ZEISS Retina Workflow Redefined

Safer, Faster, Better: How Advanced Fluidics on DORC EVA NEXUS Leads to Better Surgeries

Michael Klufas, MD
1 March 2026
A professional man in a suit and tie smiles confidently against a neutral background.
About the expert Michael Klufas, MD Dr. Klufas practices at Mid Atlantic Retina and Wills Eye Hospital in Philadelphia. He also serves as Associate Professor of Ophthalmology at Wills Eye Hospital.

Before the introduction of the DORC EVA NEXUS surgical platform’s advanced fluidics, many retina surgeons operated at high pressure to mitigate intraoperative IOP fluctuations. Sure, the introduction of valved trocars in the past two decades proved effective at limiting egress of fluid during surgery, but pressure fluctuations during surgery persisted, and little innovation was seen vis-à-vis fluidics in retina surgery.
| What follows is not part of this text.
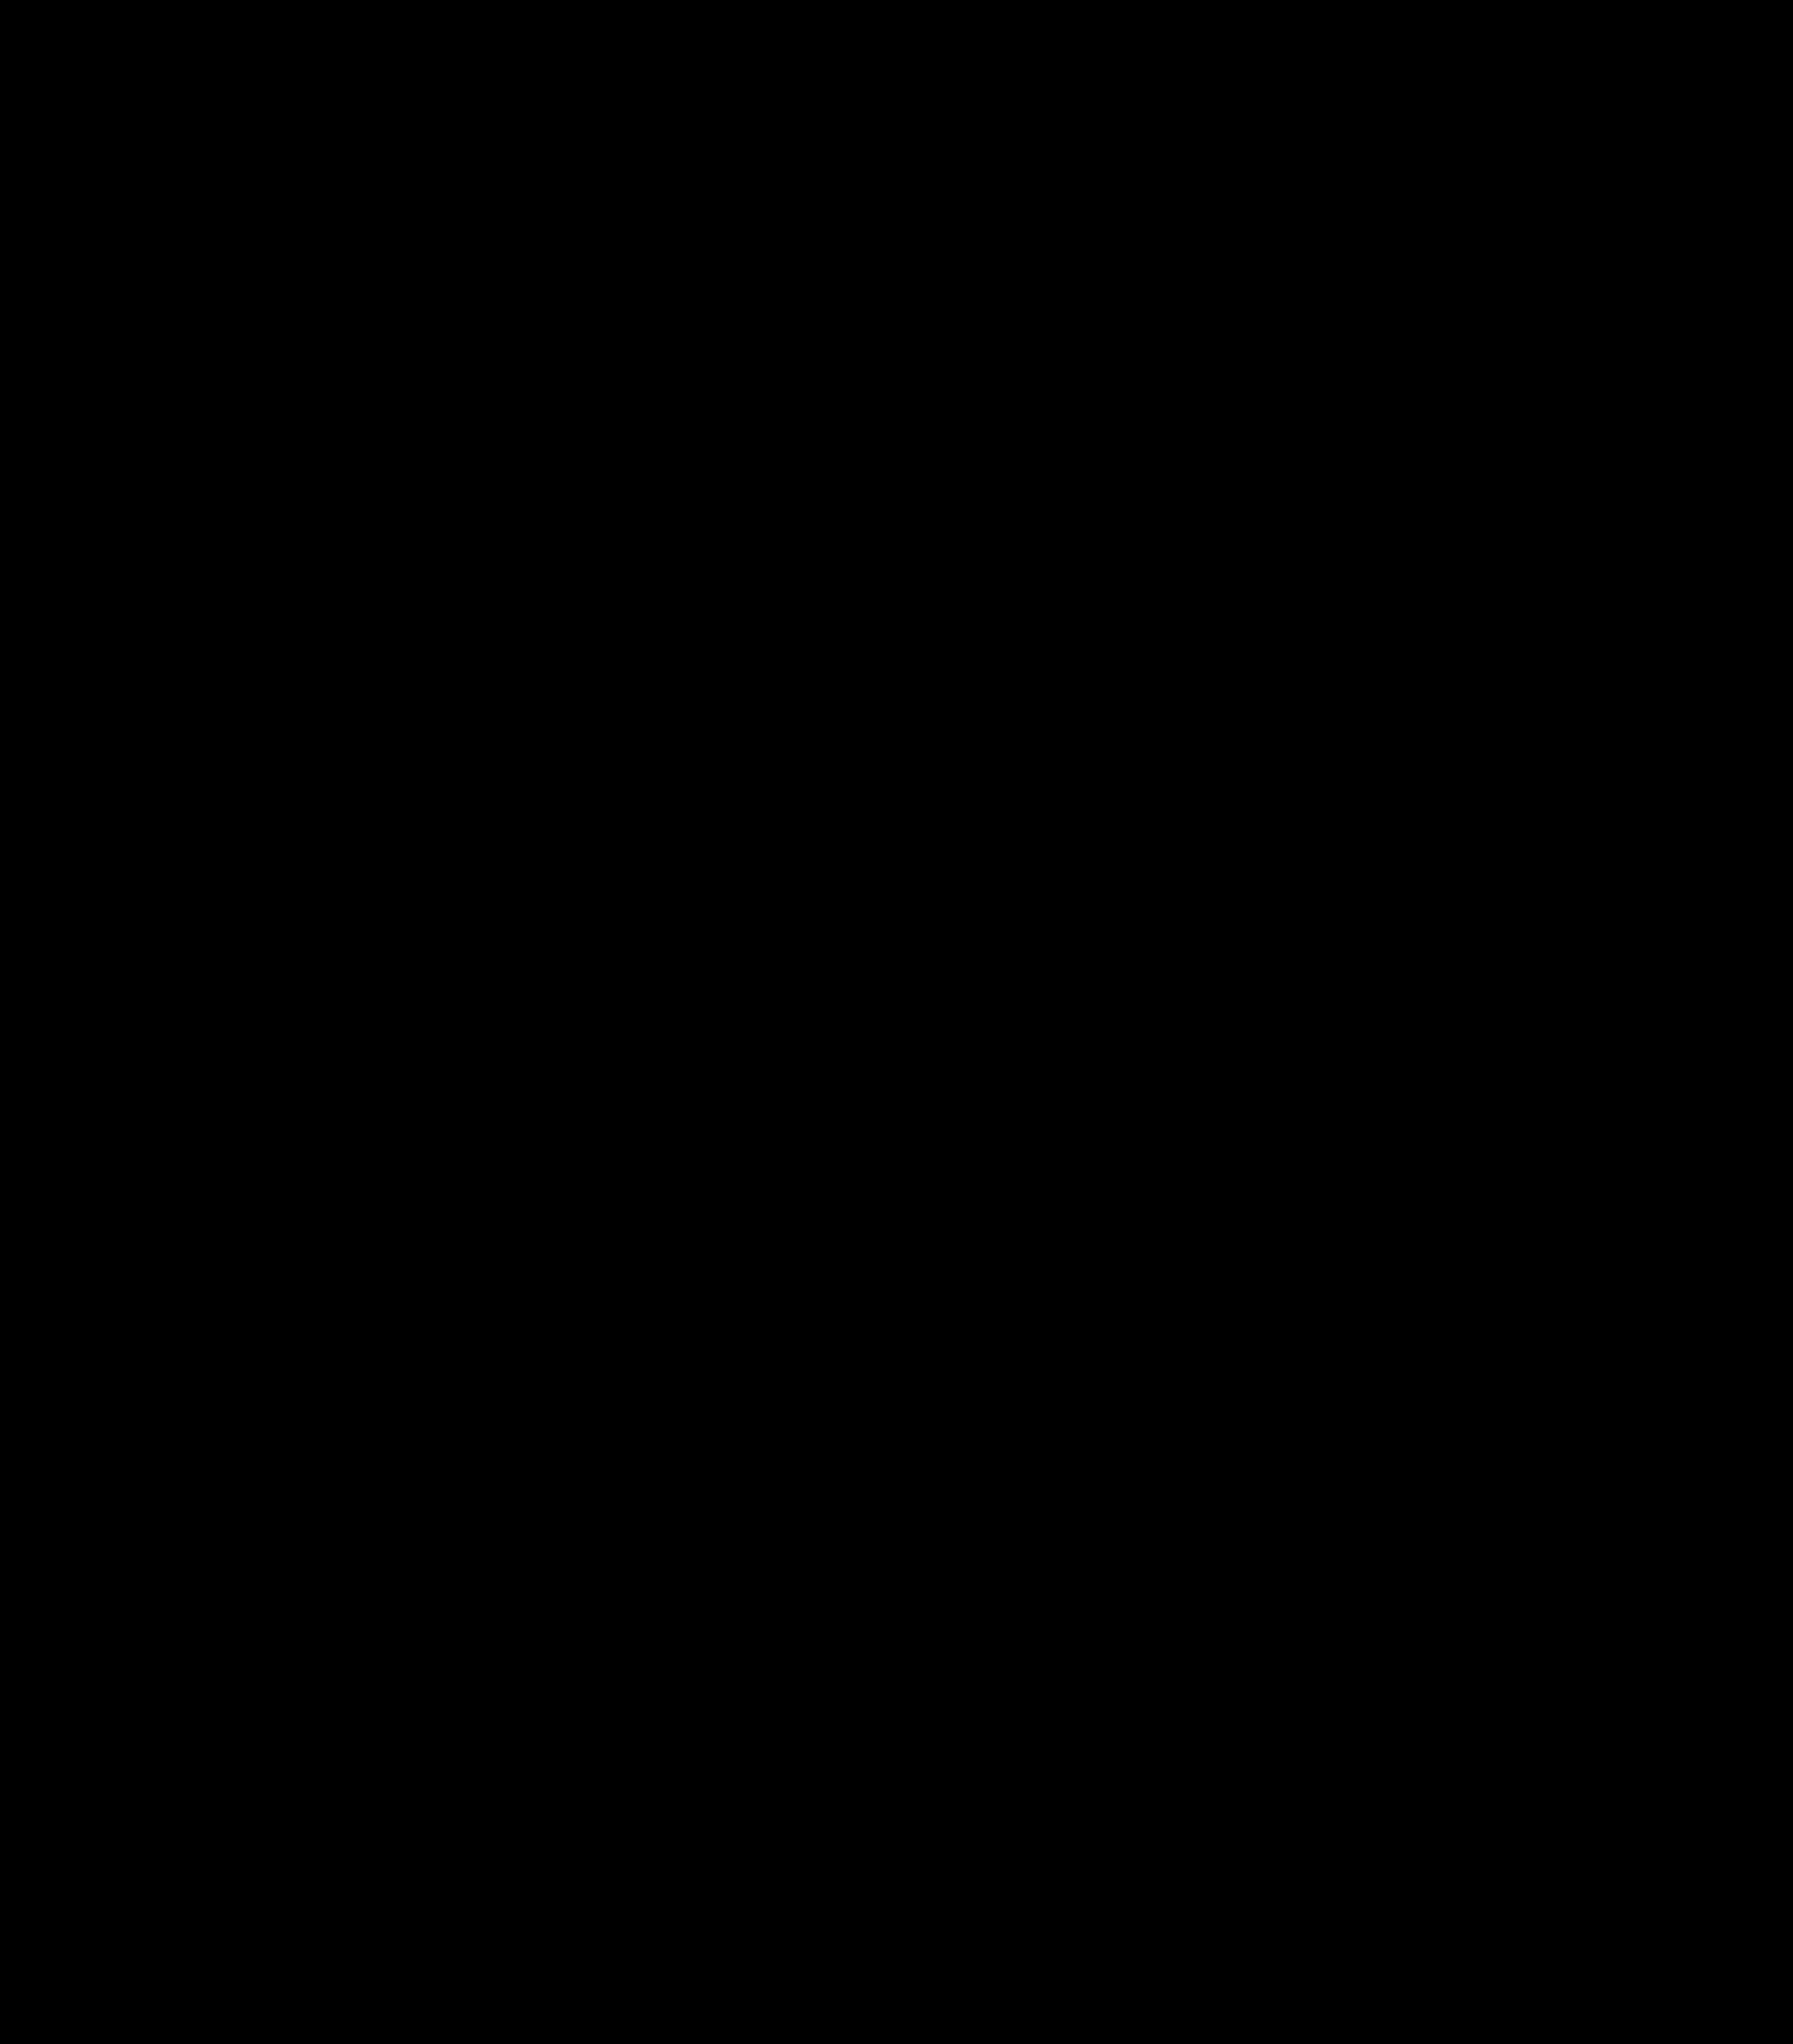 2105x2400 Scroll Clipart

Each surgical platform varies in its sensitivity to changes in pressure, requiring surgeons to become fluent in the fluidics of various machines. Surgeons on such platforms must split their attention between surgical maneuvering and maintaining consistent pressure during surgery, requiring them to focus less on their technical expertise and more on mechanical logistics.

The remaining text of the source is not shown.